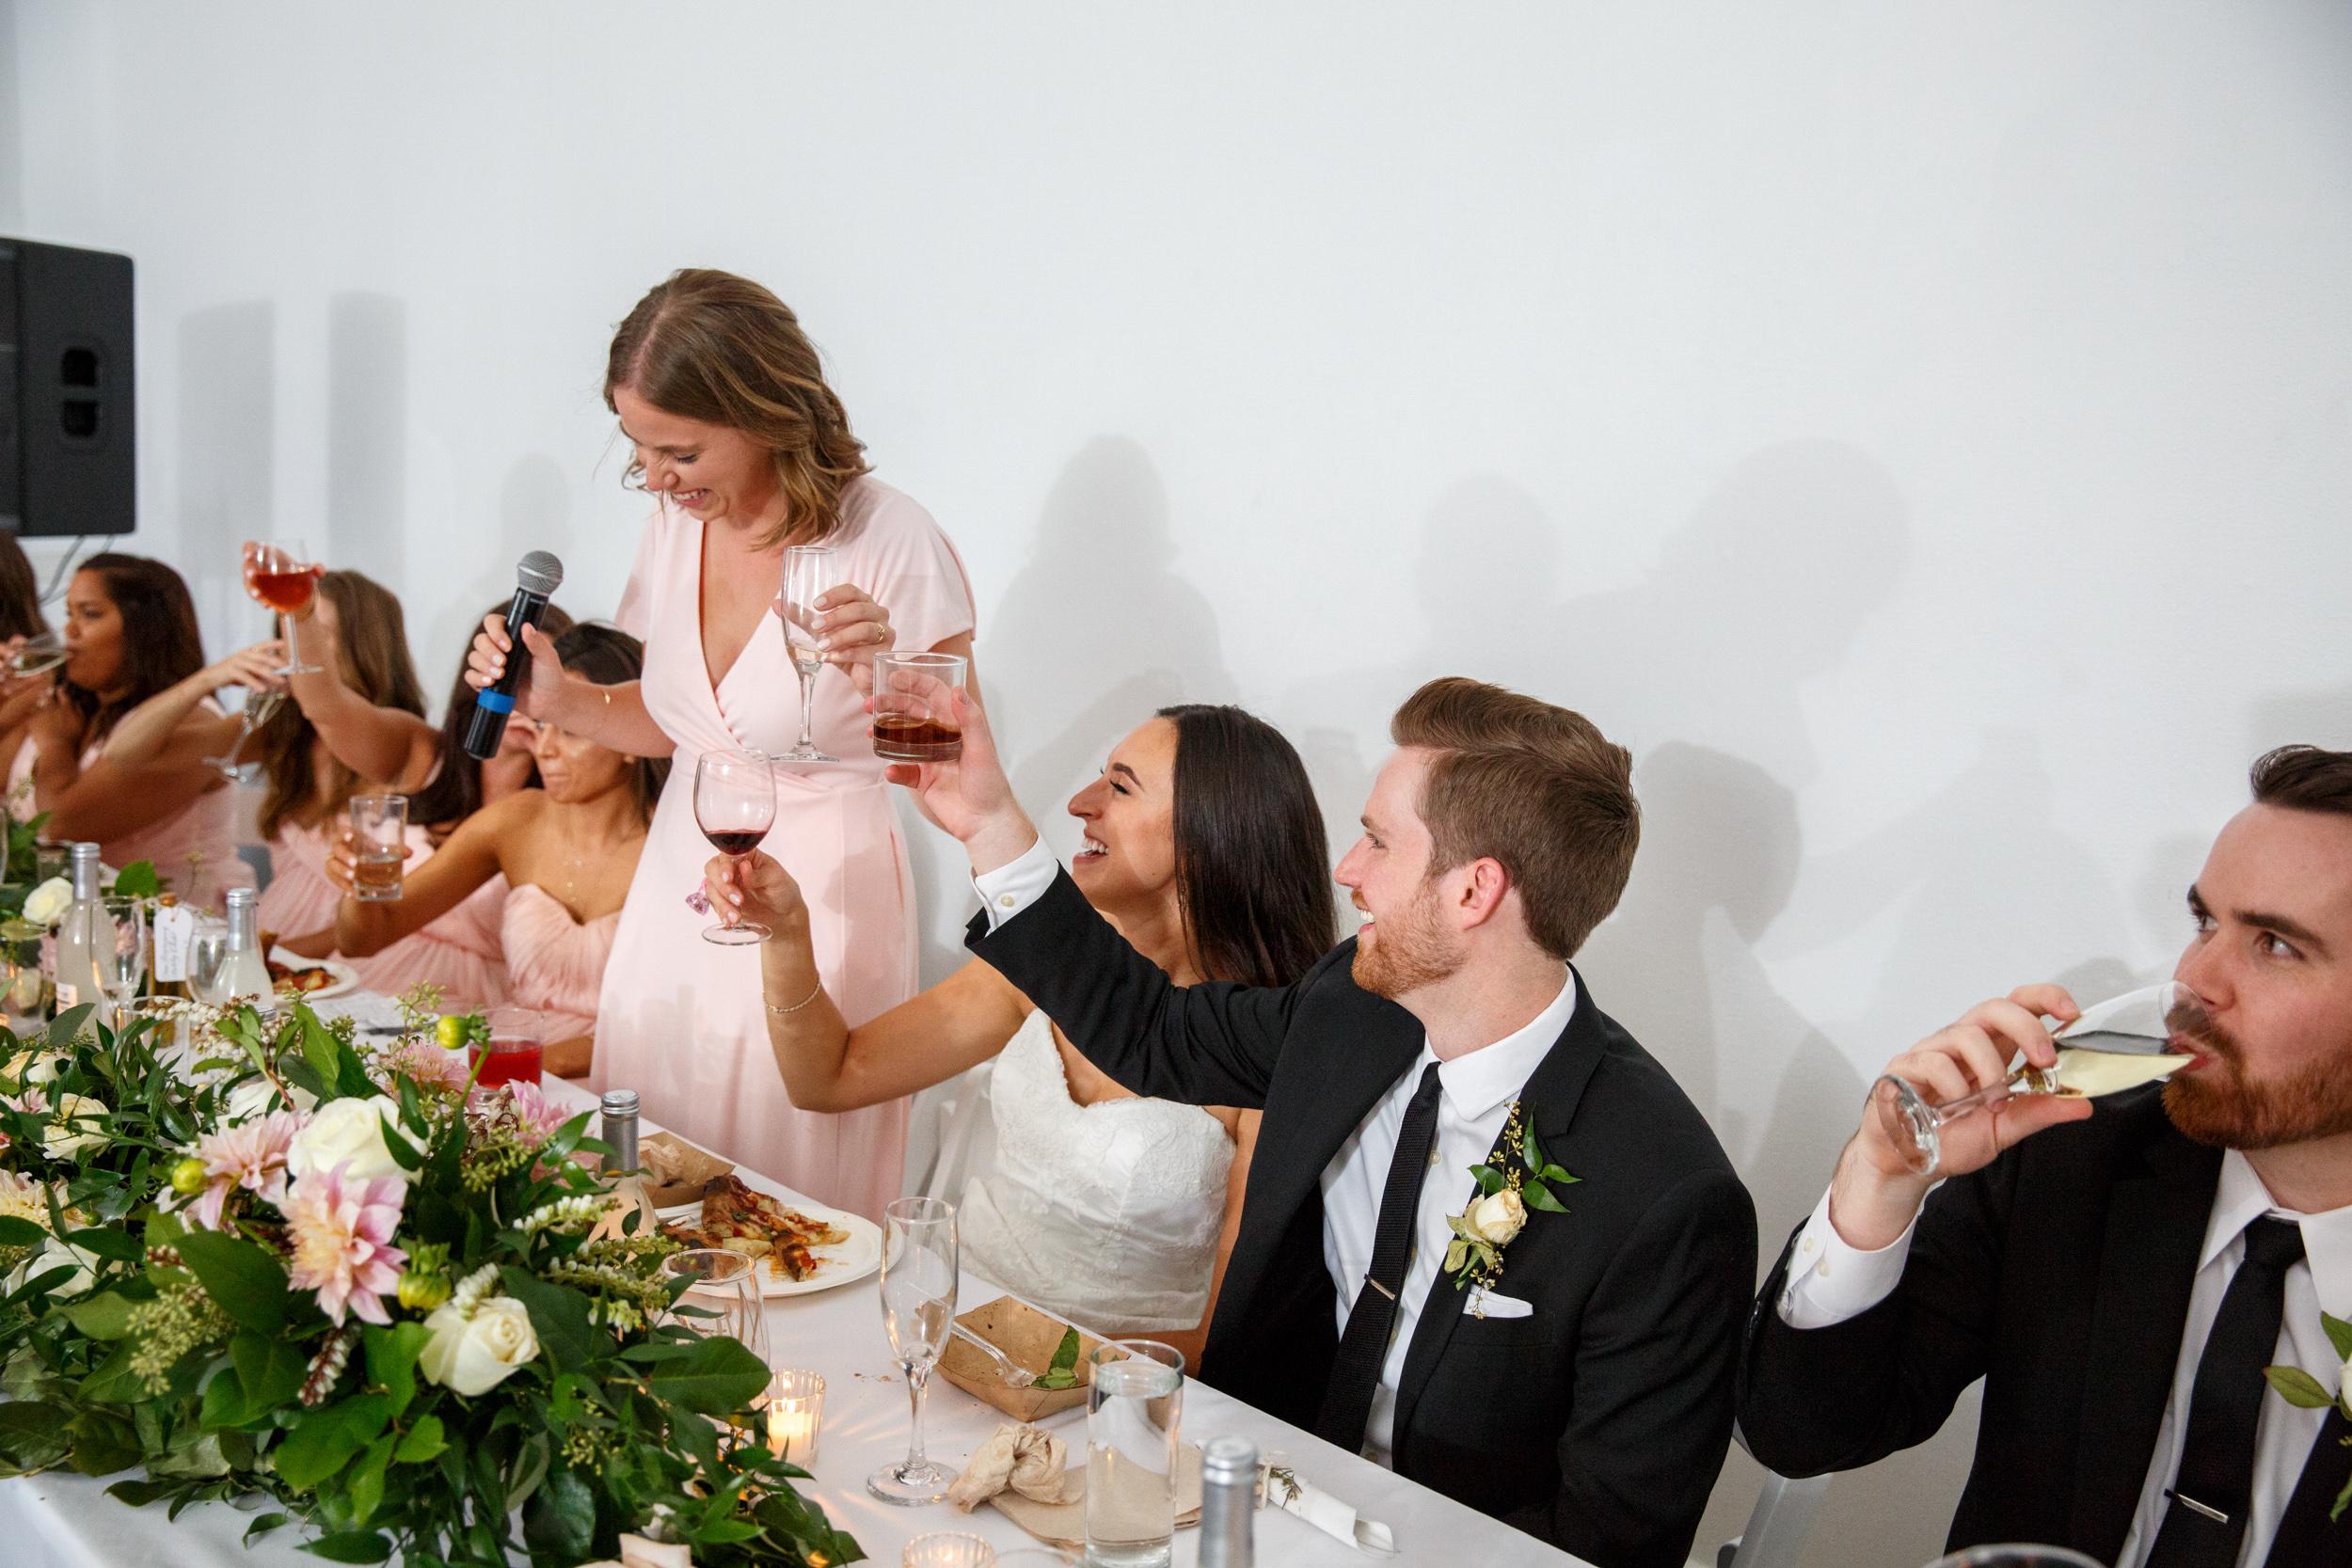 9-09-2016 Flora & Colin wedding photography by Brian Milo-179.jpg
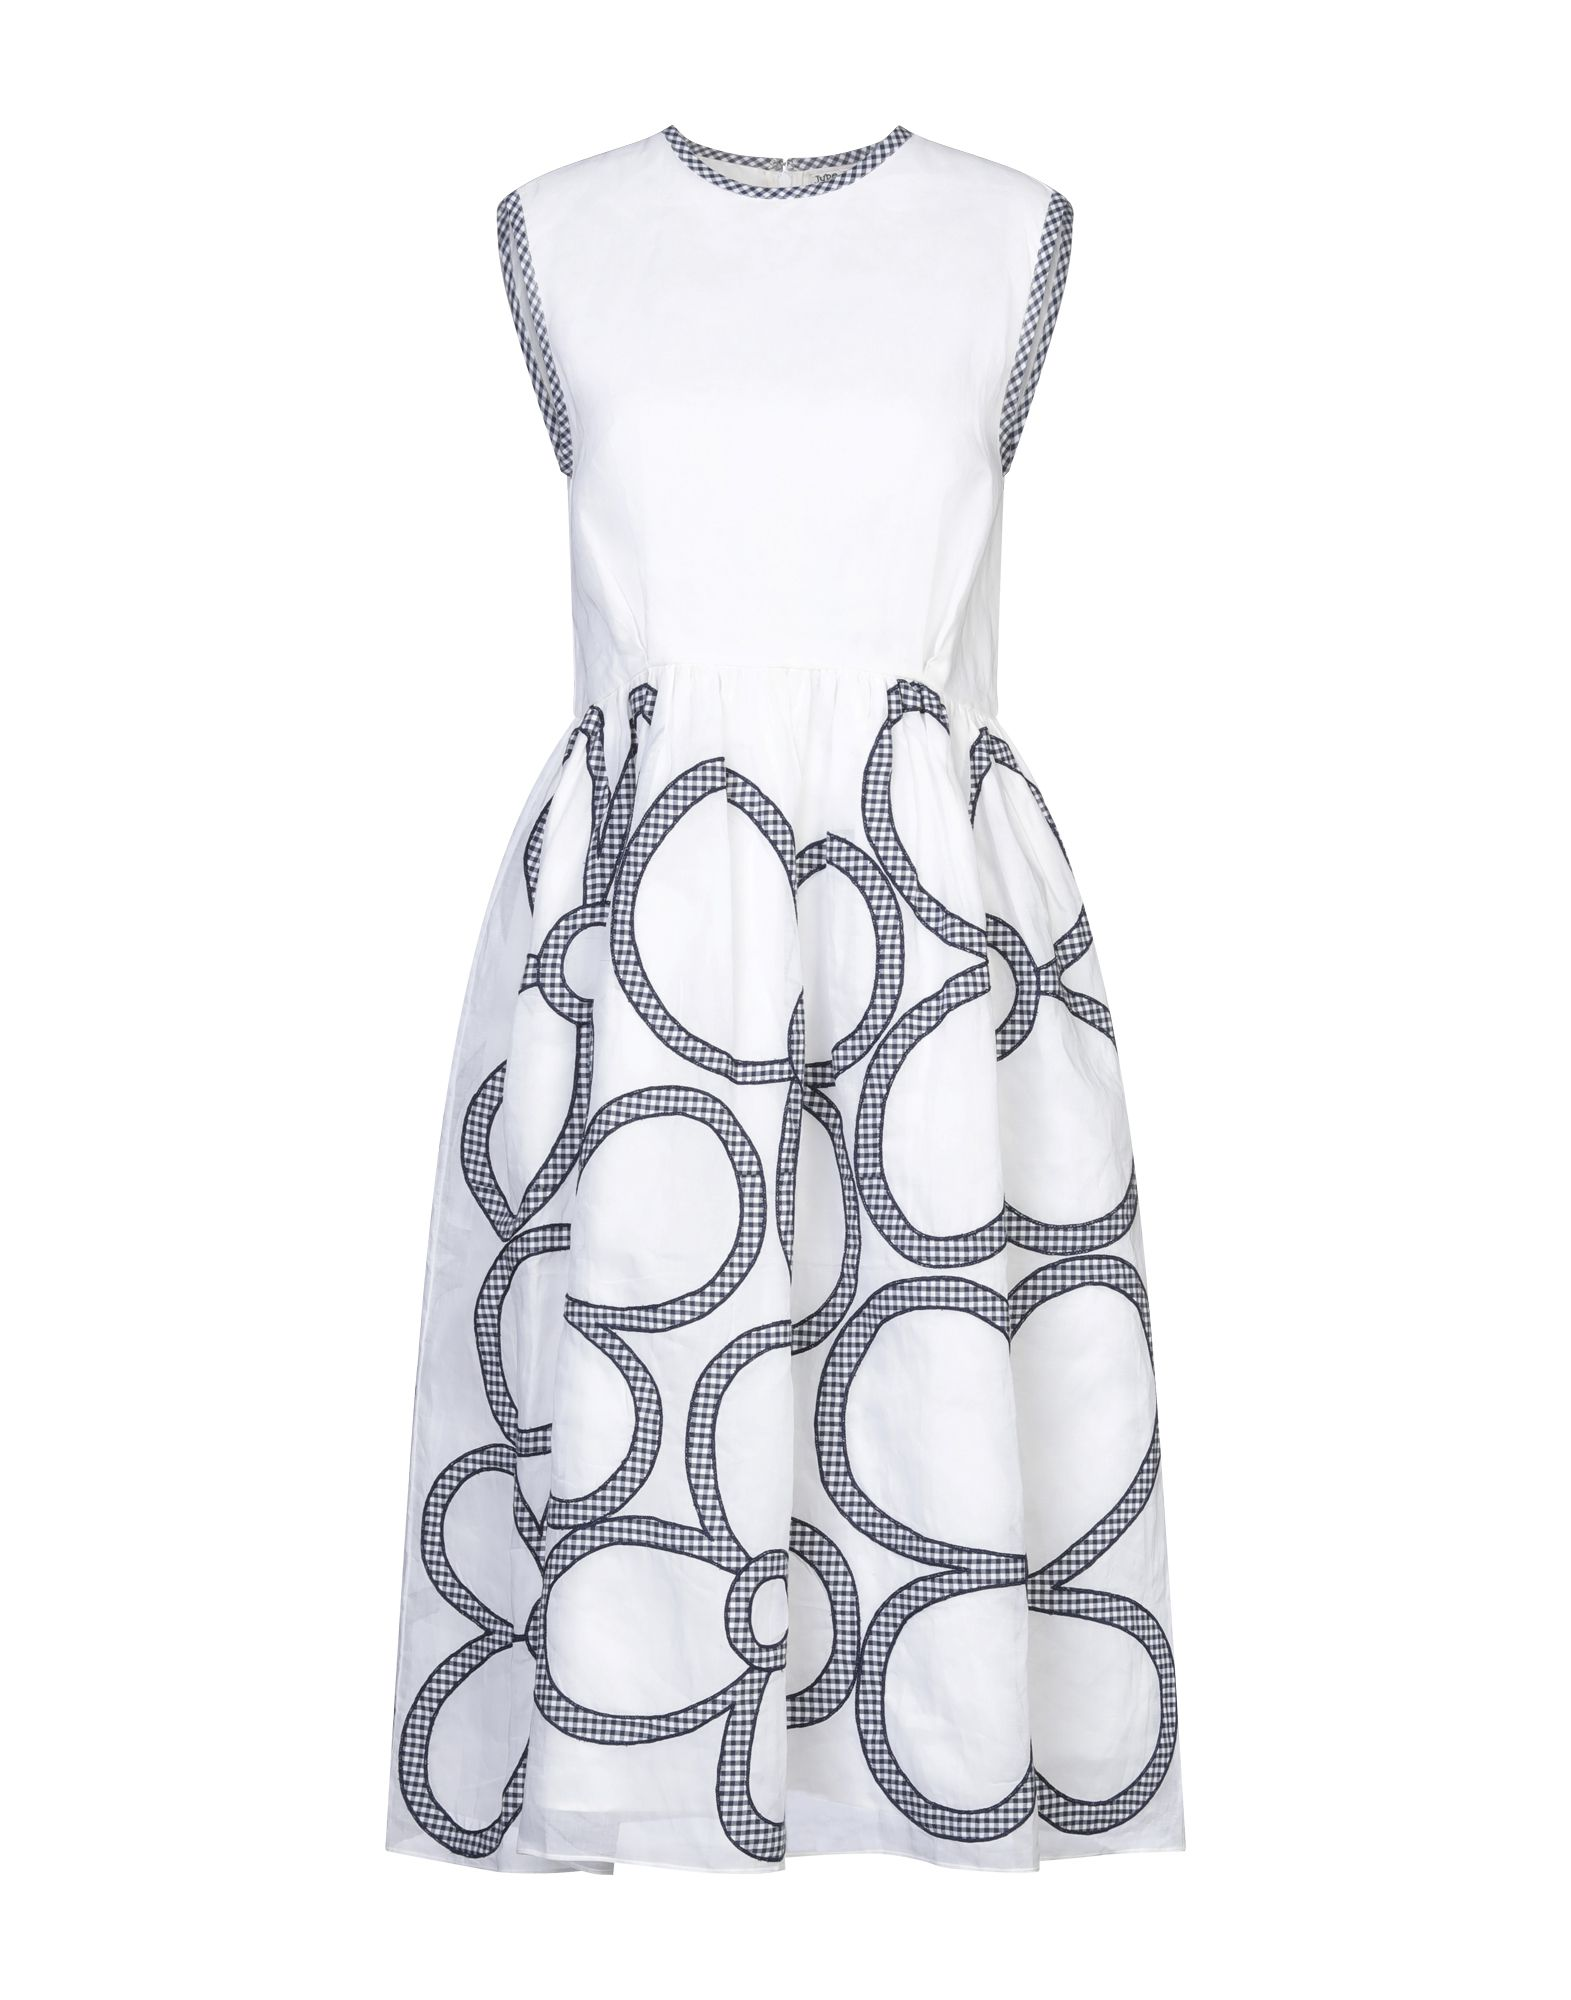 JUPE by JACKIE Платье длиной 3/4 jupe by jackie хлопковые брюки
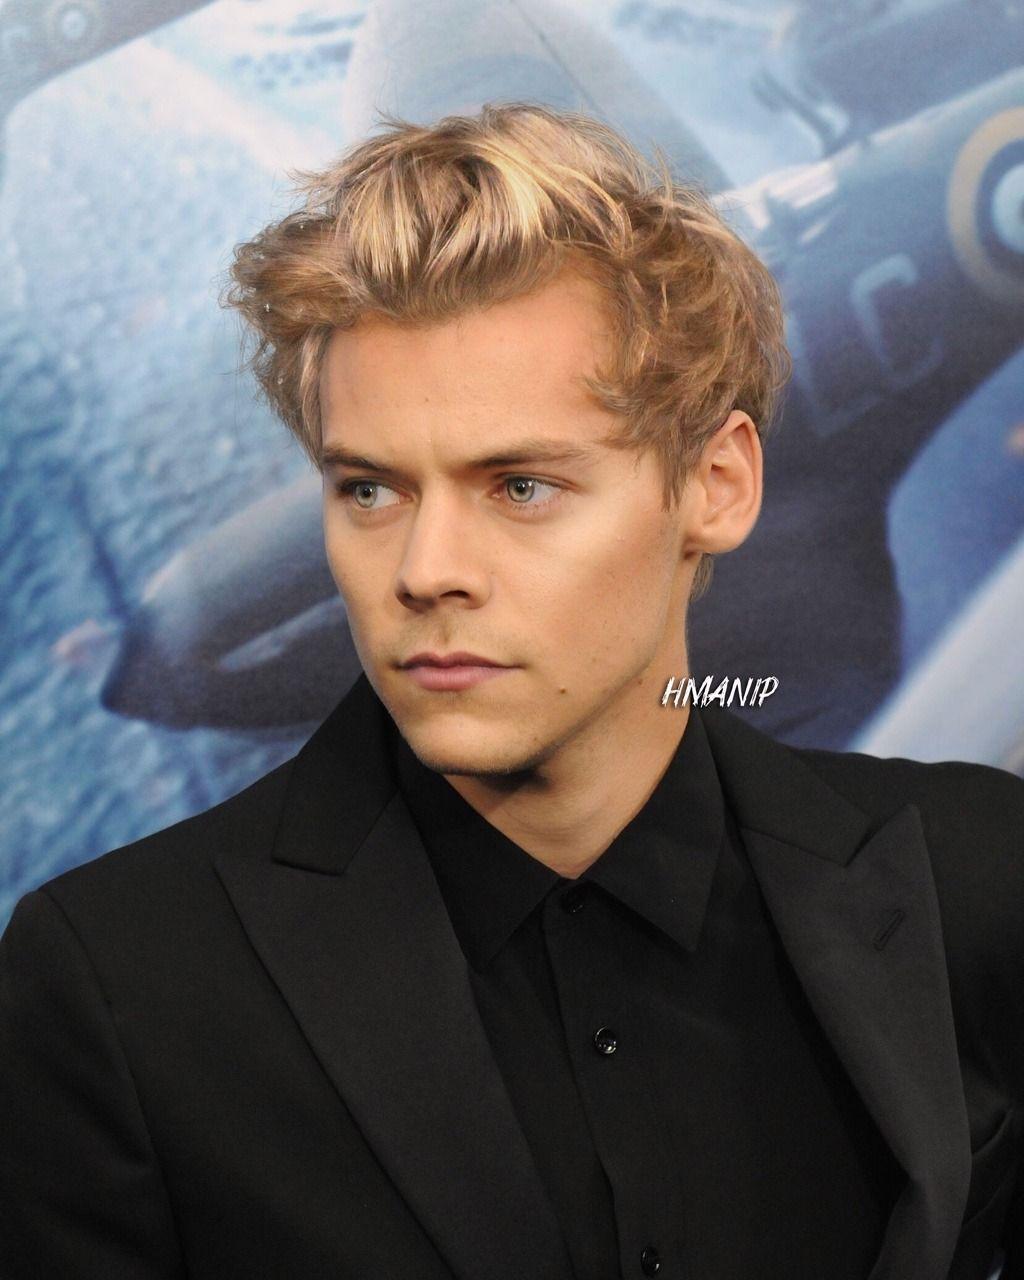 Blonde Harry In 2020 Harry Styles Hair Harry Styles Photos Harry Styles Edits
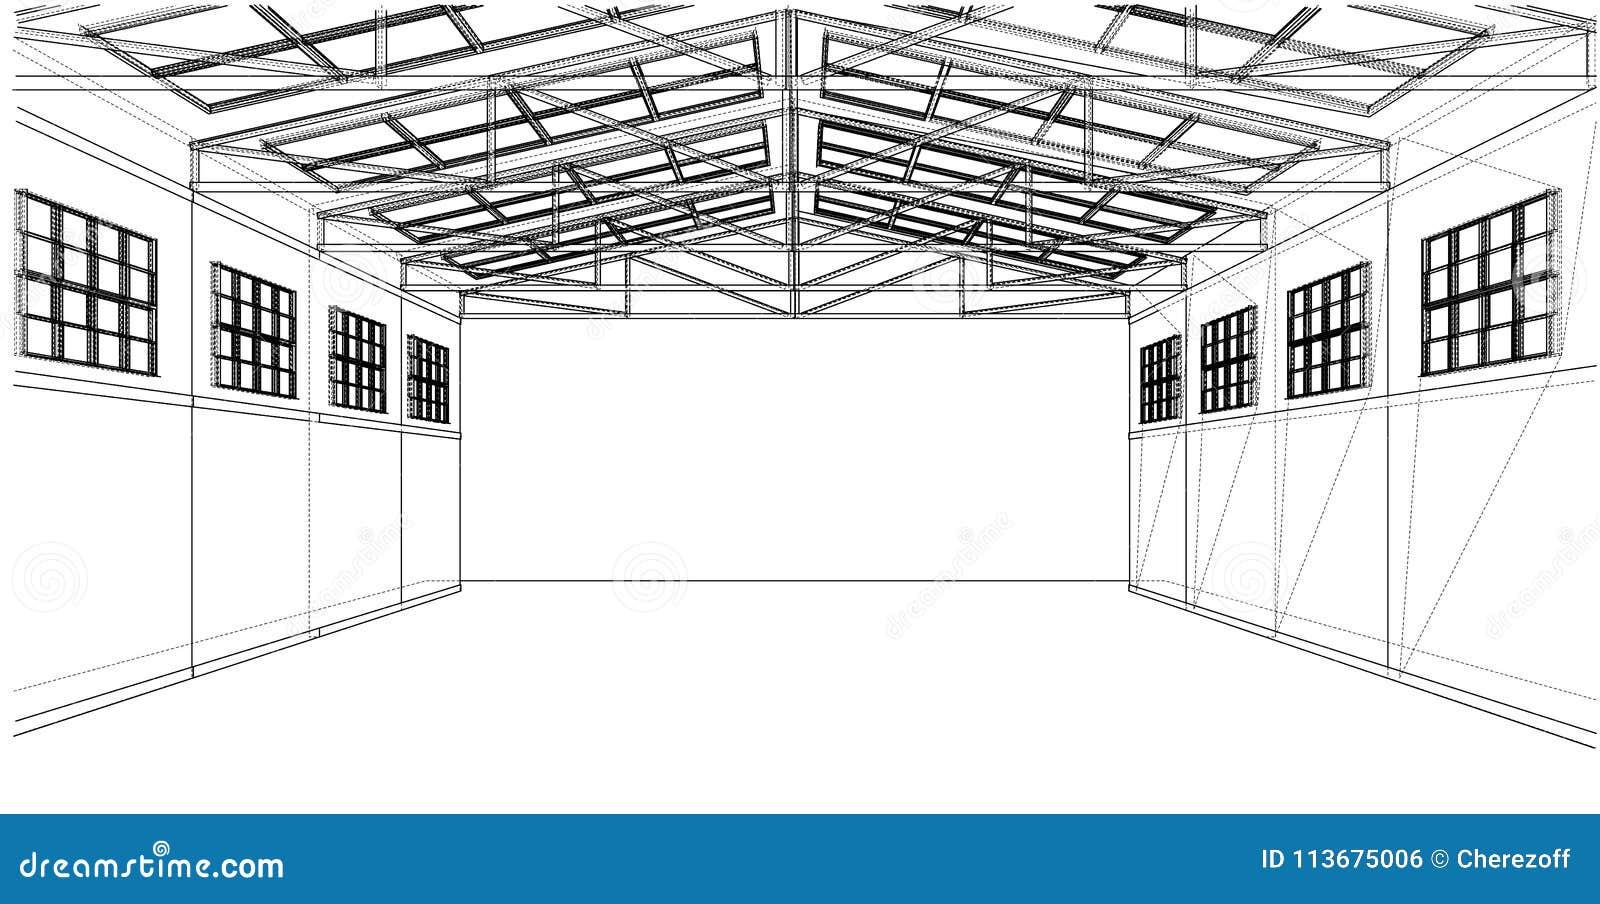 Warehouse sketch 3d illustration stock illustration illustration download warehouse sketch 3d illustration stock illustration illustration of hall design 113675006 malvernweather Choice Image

WHAT YOU SHOULD DO
Give back an exact copy of only the lines from the one with "Blonde Harry In" through the final line of the material, both included. Pictures do not belong in it.

ANSWER TO THIS PROBLEM
 Blonde Harry In 2020 Harry Styles Hair Harry Styles Photos Harry Styles Edits
 Warehouse sketch 3d illustration stock illustration illustration download warehouse sketch 3d illustration stock illustration illustration of hall design 113675006 malvernweather Choice Image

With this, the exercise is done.